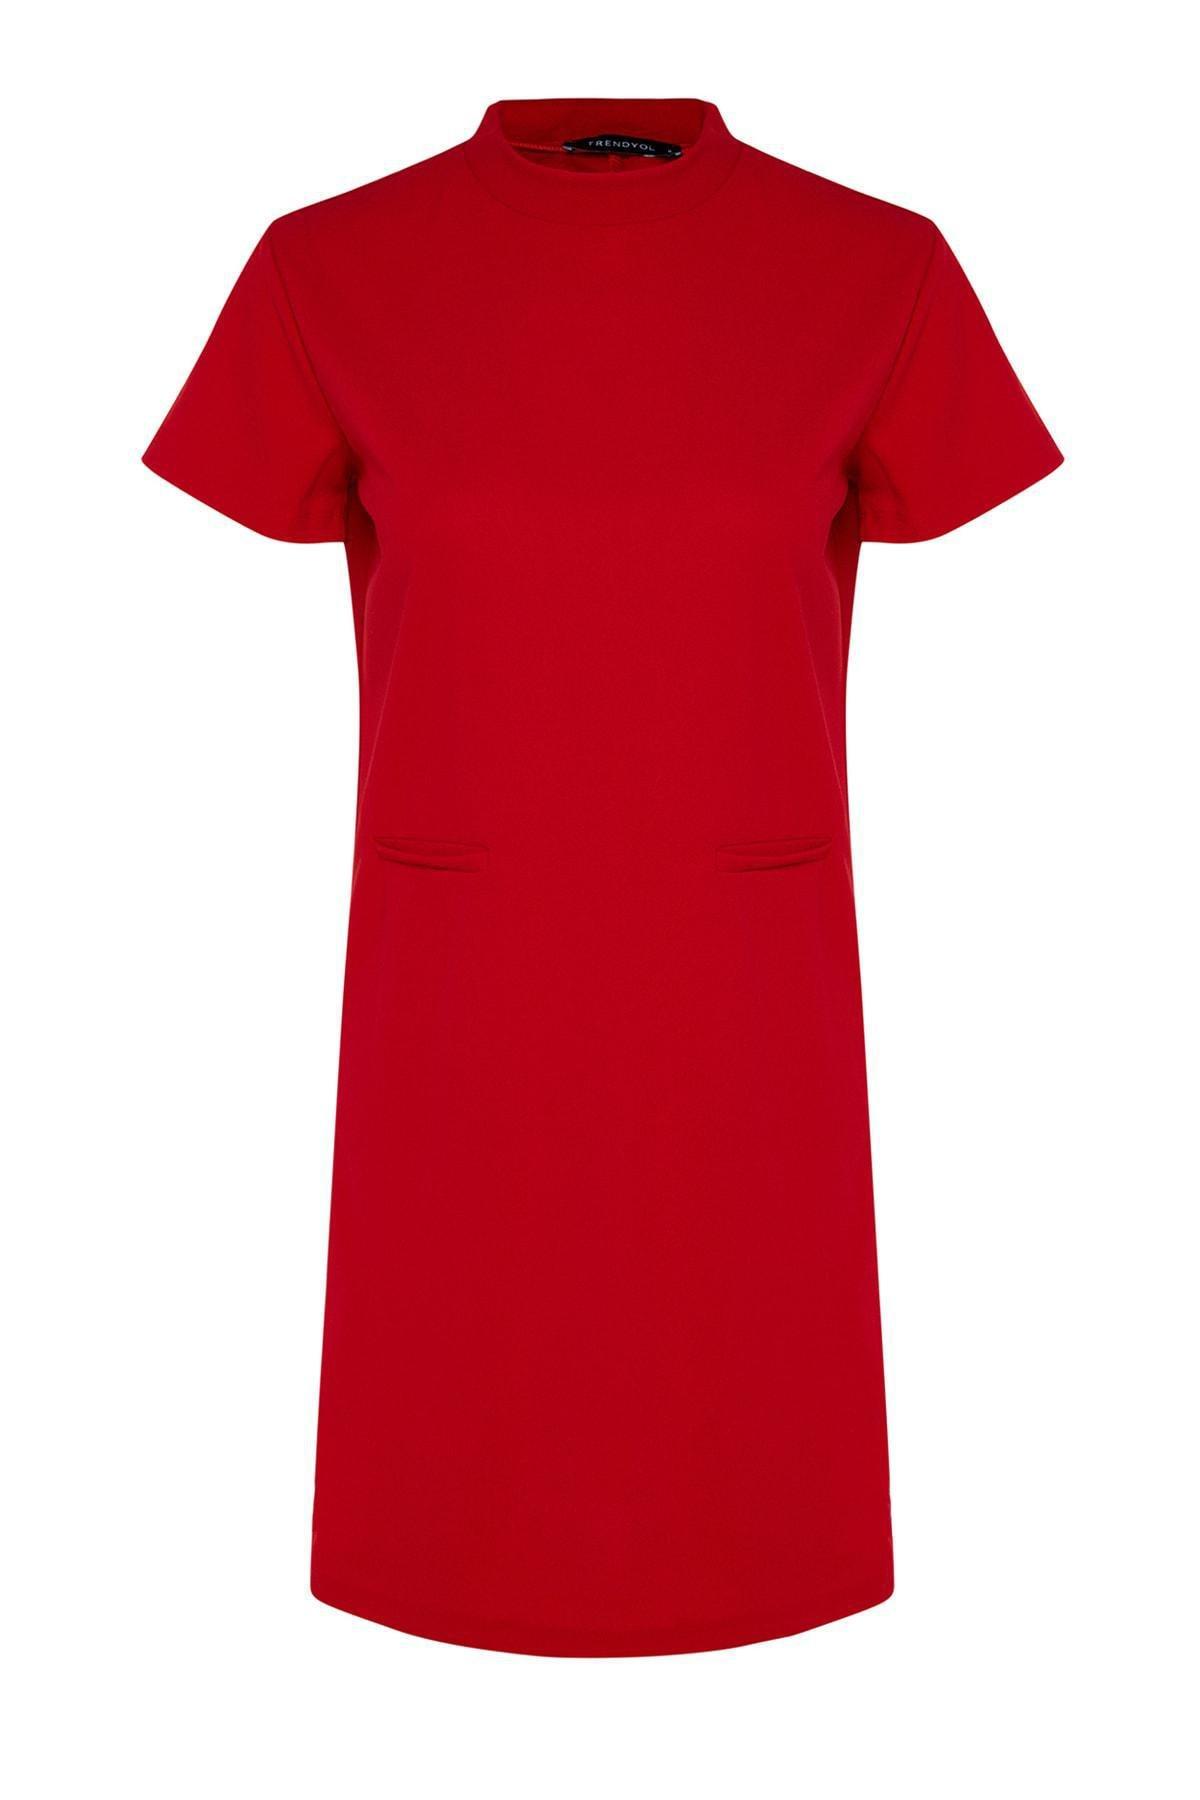 Trendyol - Red Relaxed Shift Dress
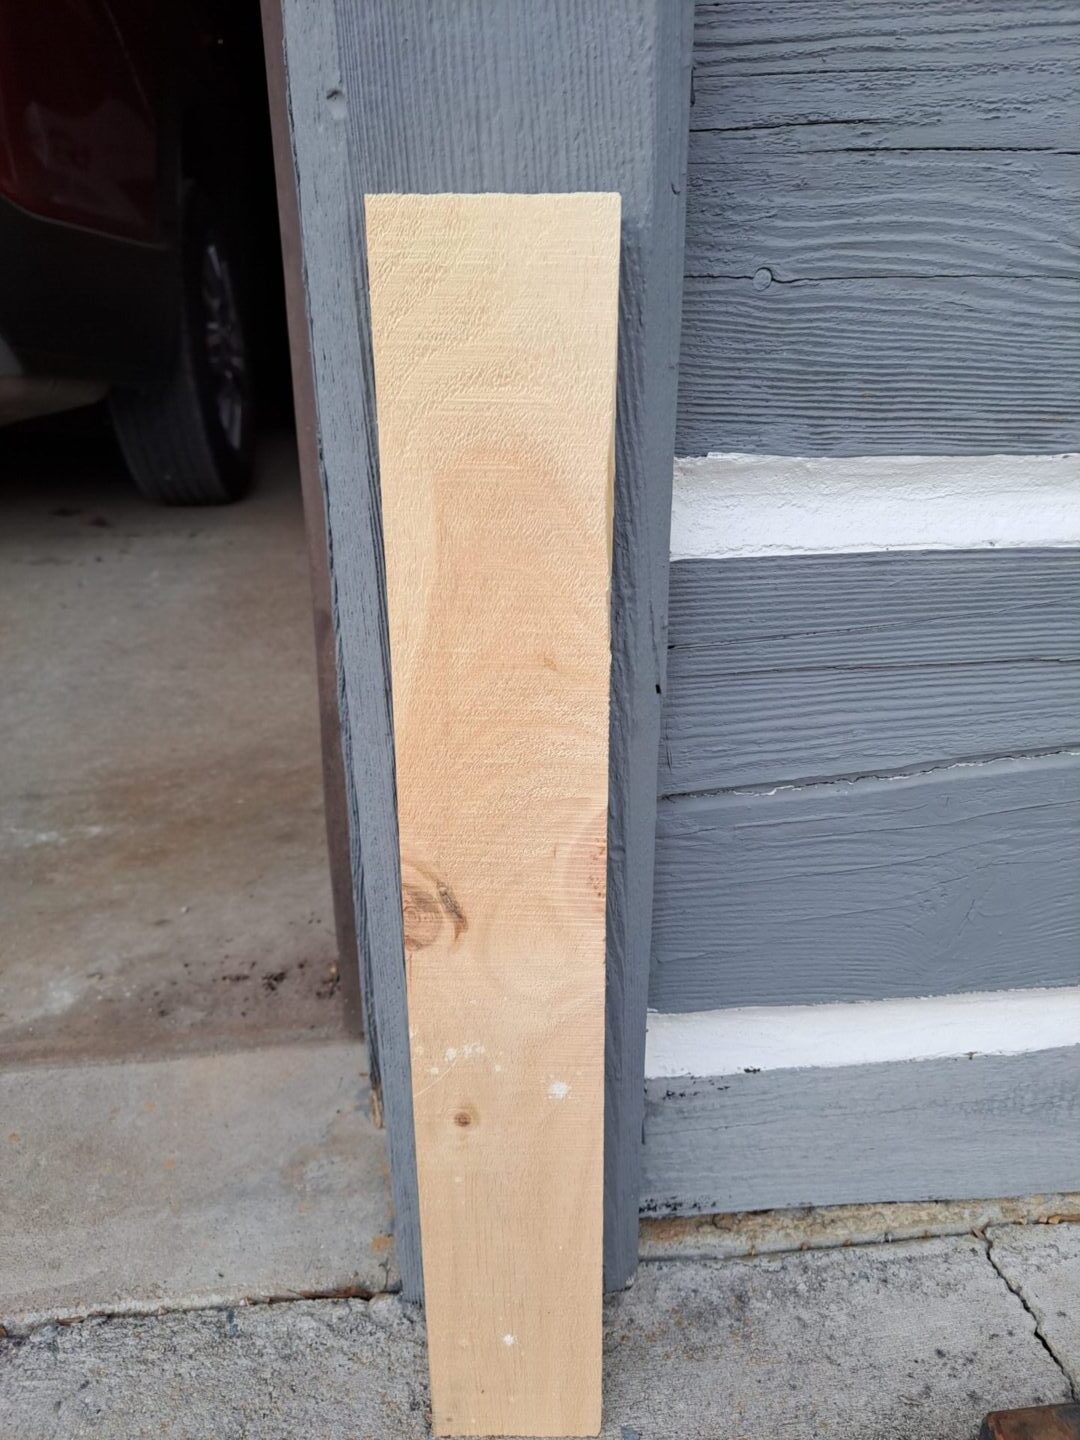 An outside of a door with a plank of wood kept outside with a gray color wall
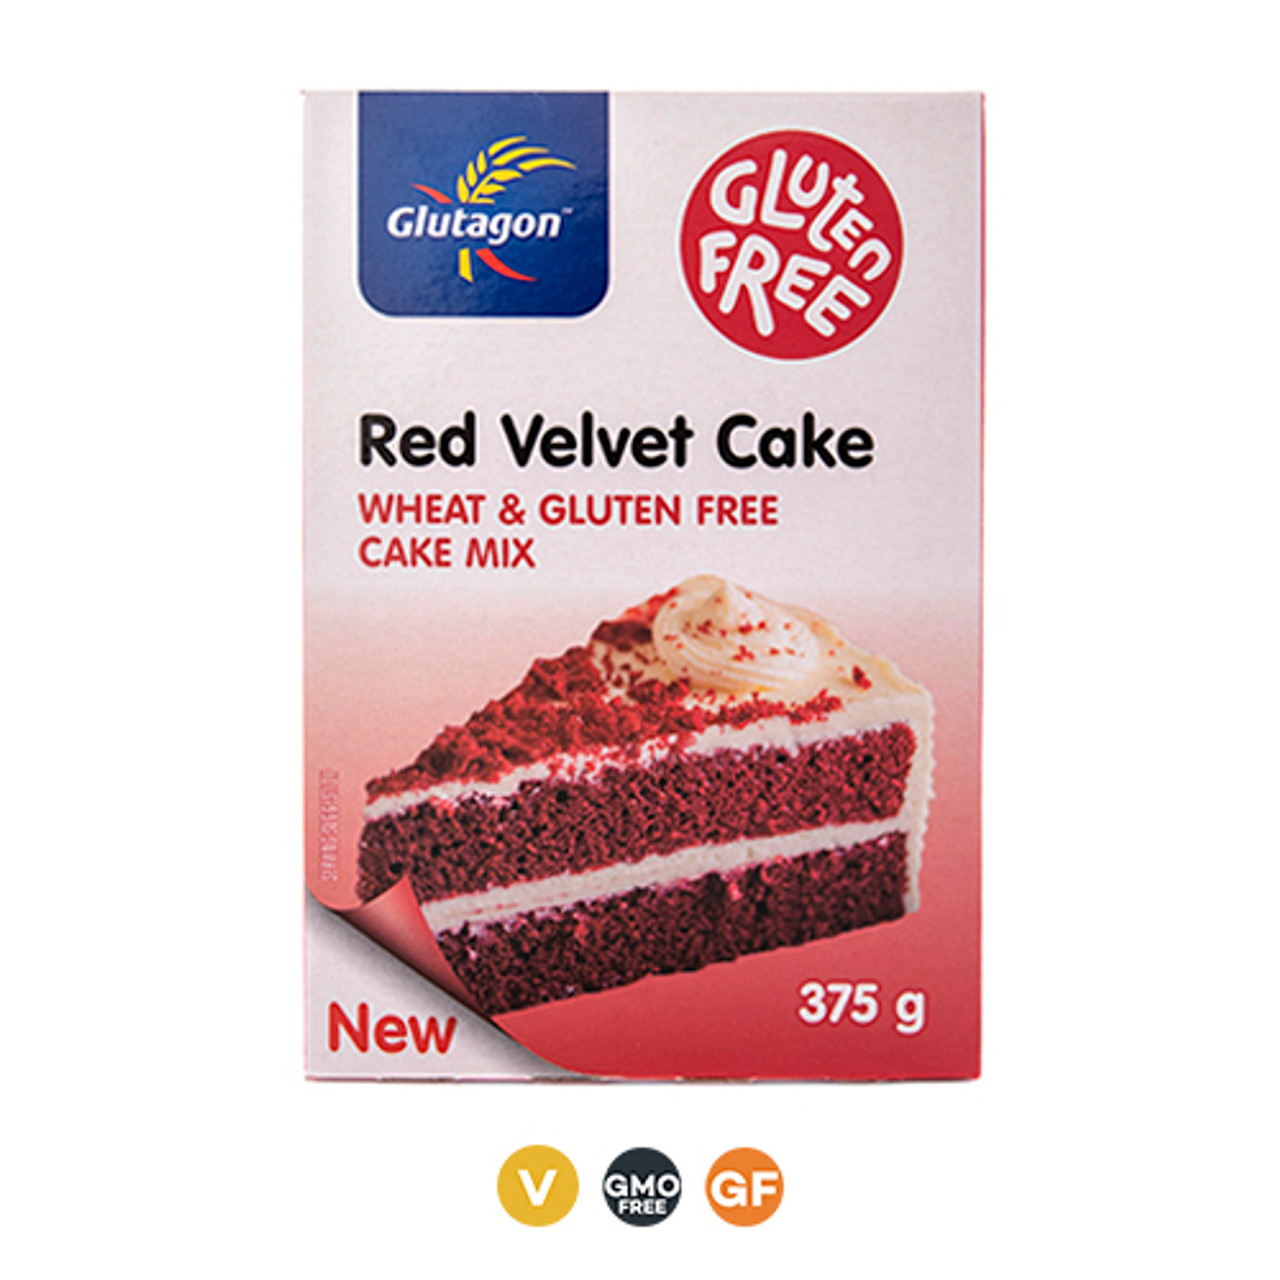 Amrit's Chocolate Cake Premix Powder – 250g (Pack of 2) | Eggless Cake Mix  Powder | Instant Oven/Cooker Cake Mix Powder | 3 Step Cake Premix Powder |  Mix, Pour & Bake :
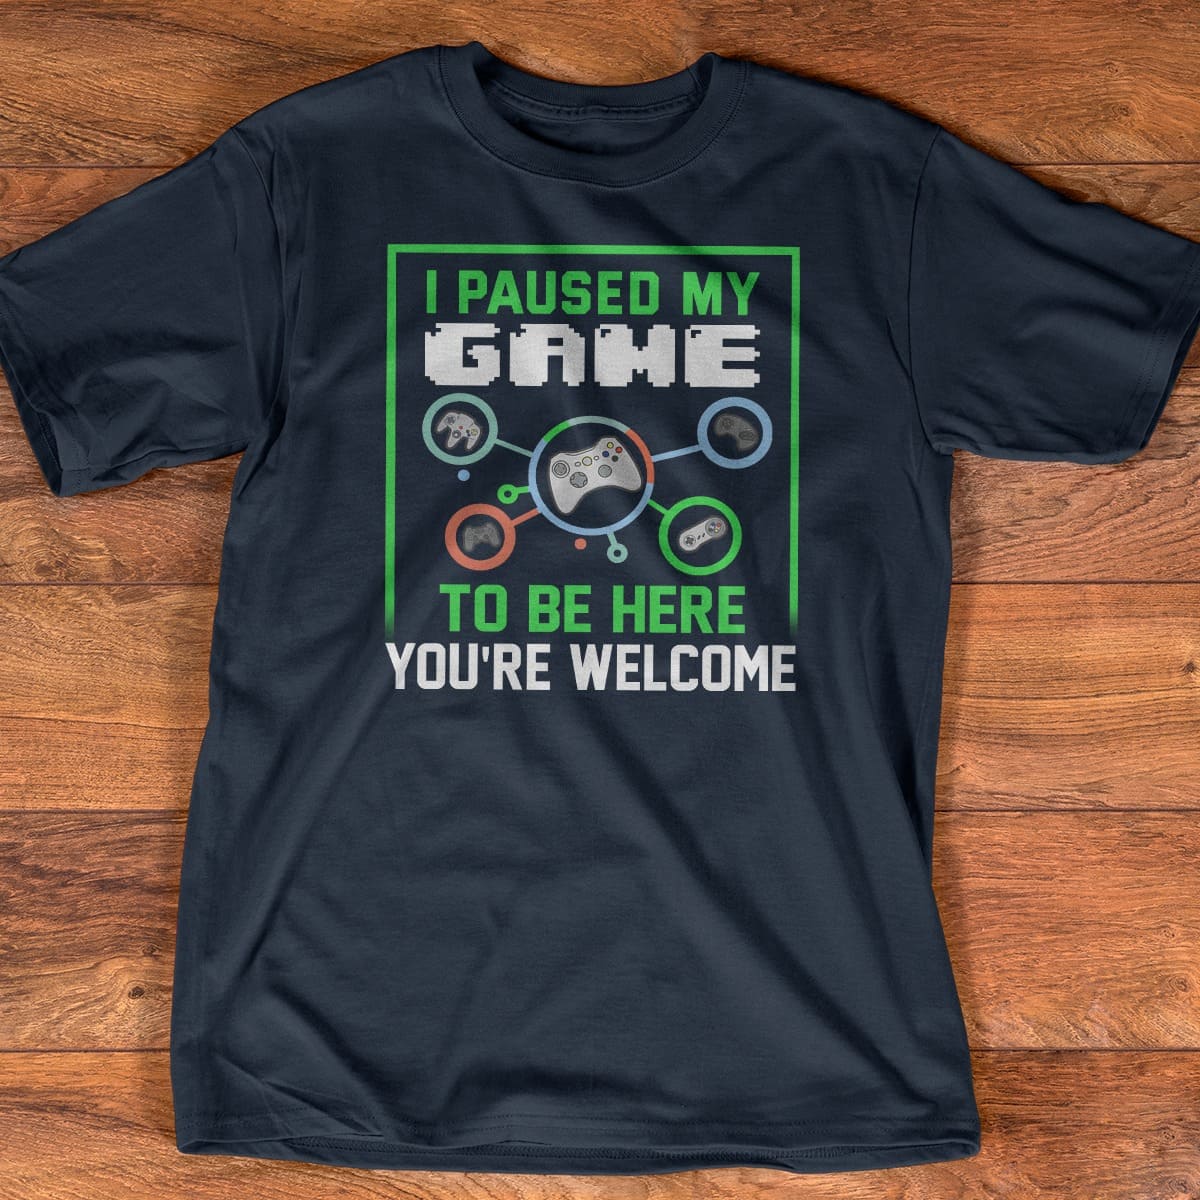 I paused my game to be here you're welcome - Gaming people gift, T-shirt for gamers
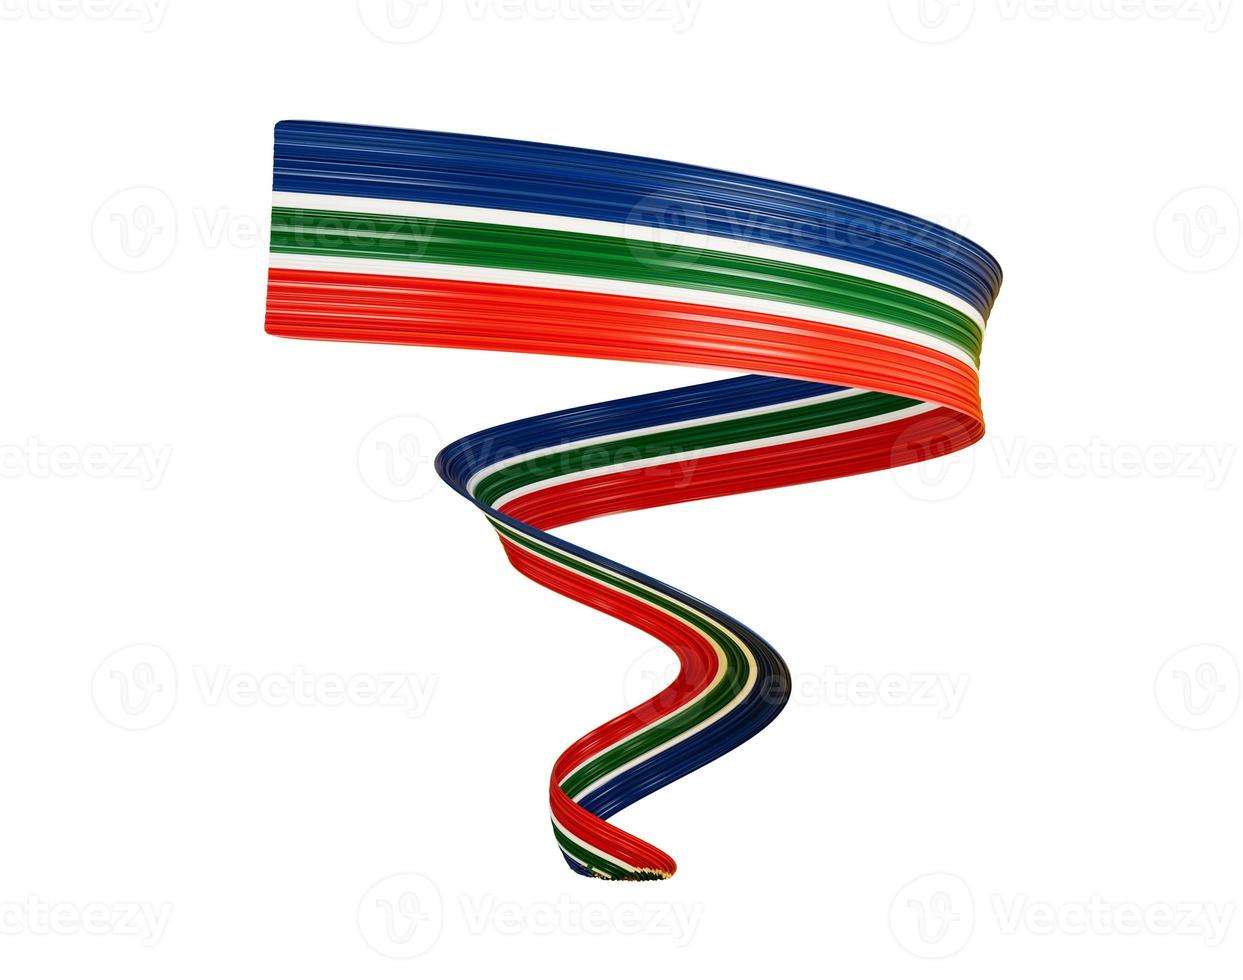 3d Flag Of South Africa, 3d Waving Ribbon Flag Of South Africa On White Background, 3d illustration photo

- - - - -

Give the data again exactly as written, with no pictures included.

 Trendyol - Red Relaxed Shift Dress
 An outside of a door with a plank of wood kept outside with a gray color wall
 Amrit's Chocolate Cake Premix Powder – 250g (Pack of 2) | Eggless Cake Mix  Powder | Instant Oven/Cooker Cake Mix Powder | 3 Step Cake Premix Powder |  Mix, Pour & Bake :
 I paused my game to be here you're welcome - Gaming people gift, T-shirt for gamers
 3d Flag Of South Africa, 3d Waving Ribbon Flag Of South Africa On White Background, 3d illustration photo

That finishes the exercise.